Между тем ничего не происходило. Поезд пересек границу, но никто даже не заглянул в его паспорт. В какой-то момент он лишь с удивлением отметил, что состав снова несется по территории Германии. Некоторое время спустя он уже въезжал в какой-то город по мостам, мимо вольной гавани, пакгаузов, складов и кранов, разных зданий специального назначения.

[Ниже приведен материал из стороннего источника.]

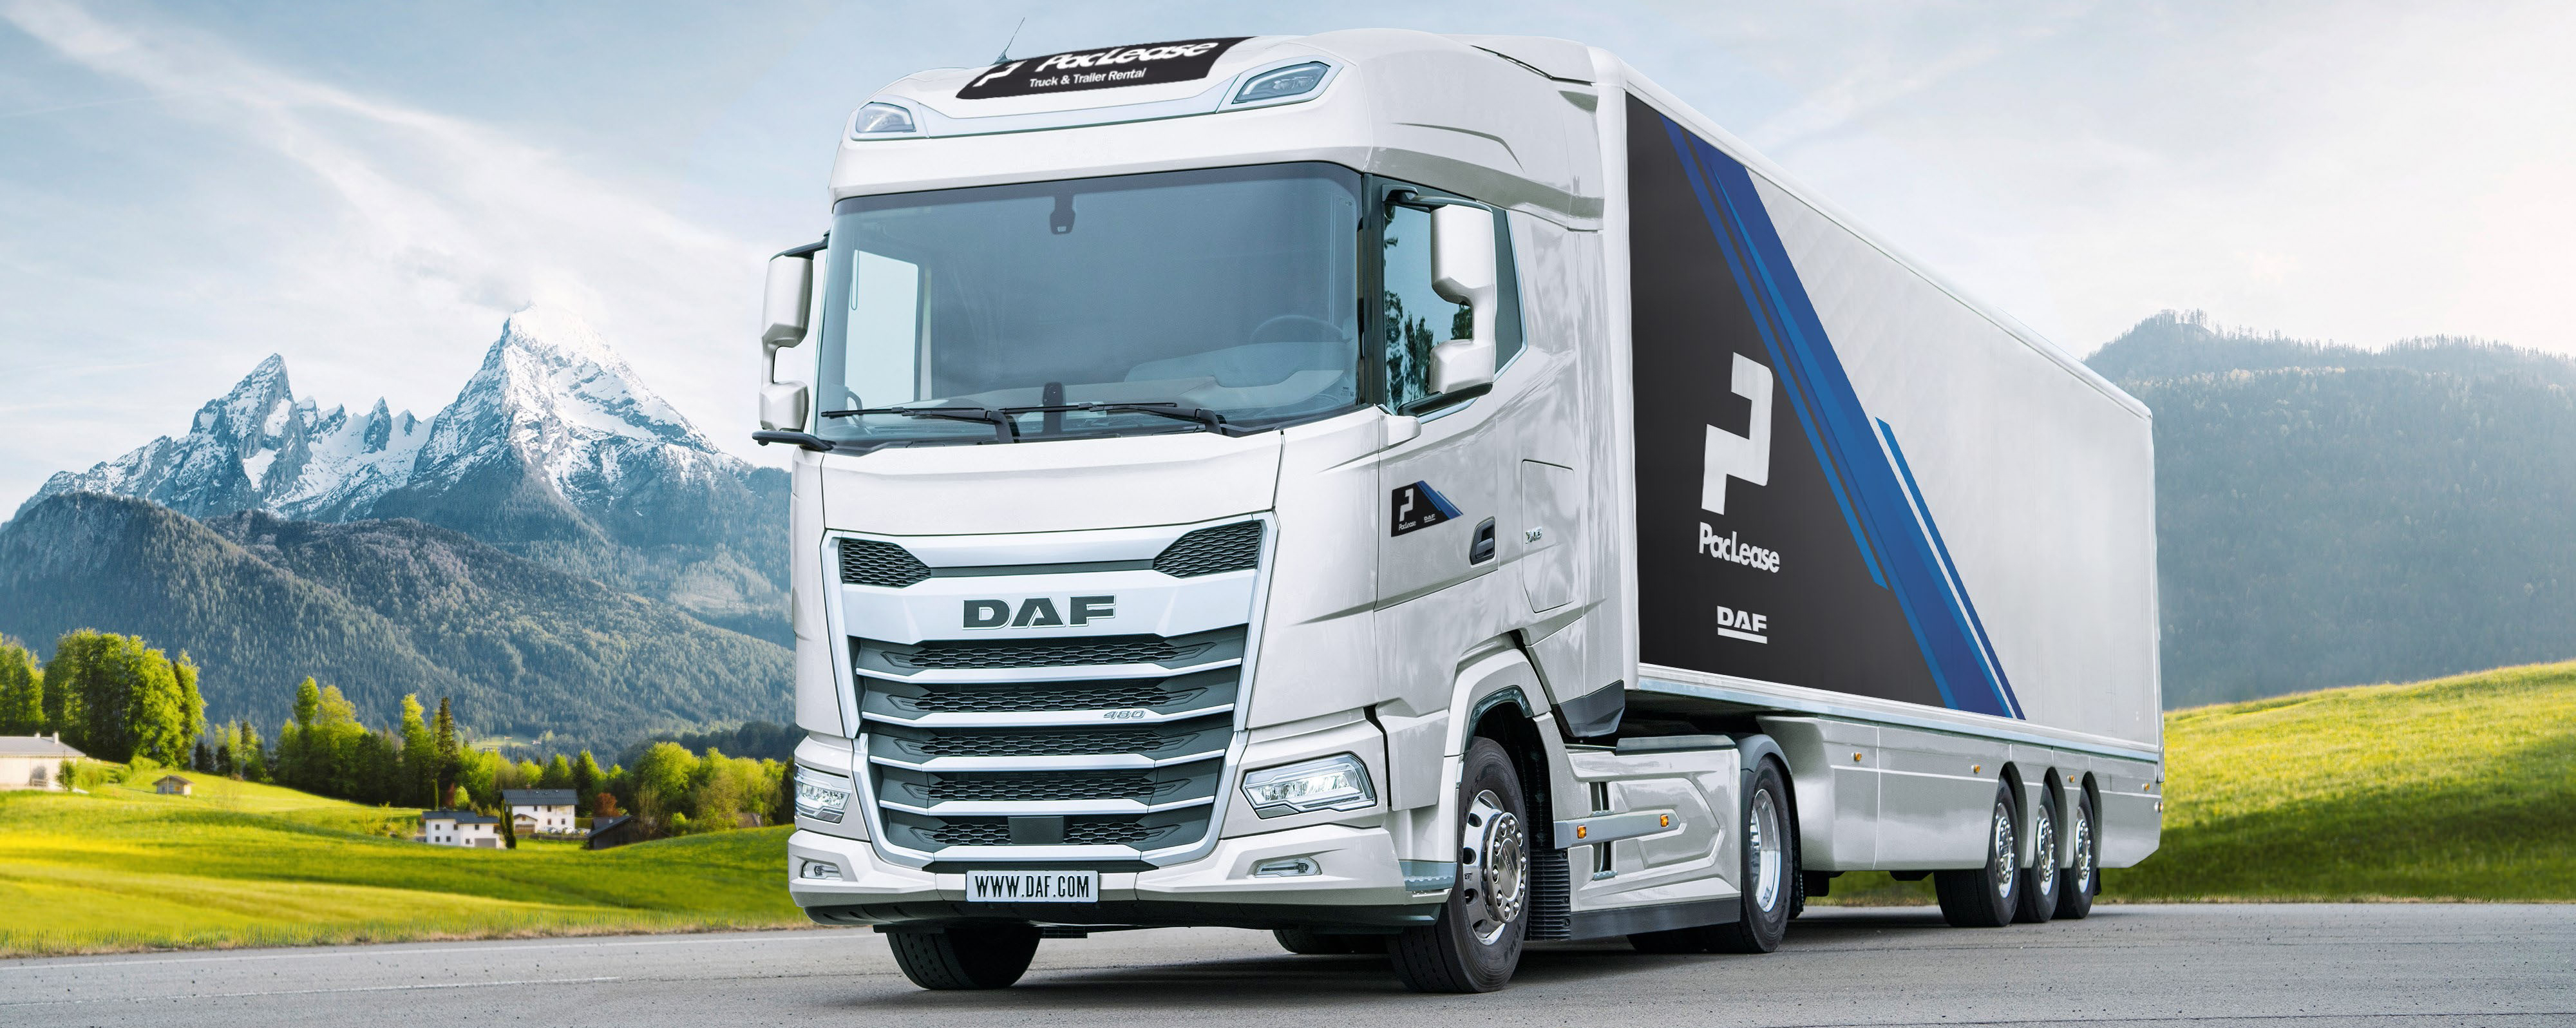 DAF-MultiSupport-Paclease-DE-940

Крытый перрон вокзала выглядел как обычно – никто его здесь не ждал, никто не спешил ему навстречу. Он чуточку больше времени провел в состоянии крайнего одиночества здесь, где все встречали друг друга и заключали в объятия в этом месте встреч. Он, как когда-то, снова постоял на мосту, обратив взор на железнодорожные пути; не оборачиваясь, как восемь дней назад, прислонился к стальному грязному поручню эскалатора, потом заглянул на пути, где все осталось по-старому, почти все, только… Возможно, он производил впечатление пассажира в ожидании пересадки, чтобы по возможности не привлекать к себе интереса, растворившись в атмосфере безопасного мгновения своей жизни.
12
В поезде на протяжении почти всей бессонной ночи он пытался размышлять, стараясь расшифровать все с ним происшедшее. Но чем больше он взвешивал, тем больше запутывался, оказываясь в плену одних и тех же терзавших его сомнений. До его сознания все больше доходило, что кто-то разработал безумный план с очевидной целью скомпрометировать его, Левинсона, что совершено убийство писателя, а может, он и сам добровольно ушел из жизни (впрочем, это было бы удивительно), что он, Левинсон, в общем, немотивированным образом уехал, можно сказать, сбежал, только вот от чего – от самого себя? Он незаконно хранил у себя дома под матрацем оружие, кем-то присланное ему, только вот кем? И лежит ли оно все еще там?! И что из этого или какого-либо другого оружия был застрелен человек или не был застрелен. Кроме того, это весьма сомнительным образом связано с ним. Ну и финалом могла быть его сдача властям, которые давно его ждут, чтобы арестовать и вынуть звено из этой цепив момент его появления… Какой-то коварный план. Вокруг него разбросана какая-то рыболовная сеть. Как доказывать свою непричастность? Какие аргументы уже были у него в руках? Ведь он сознательно и целенаправленно избавлялся от всех доказательств, буквально сжигал их, причем, вероятно, в строжайшем соответствии с этим чудовищным планом. И вновь заявила о себе его старая идея, страстное желание продумывать порядок вещей с максимальной точностью и правильностью, чтобы быть в состоянии все предвидеть, чтобы заранее предопределить то, что впоследствии неизменно выглядит последовательным и однозначным, чтобы каким-то образом предвосхитить грядущее, всегда остававшееся, однако, абсолютно неосязаемым и неощутимым, словно в каком-то ином пространстве, вторжение в которое было под строгим запретом.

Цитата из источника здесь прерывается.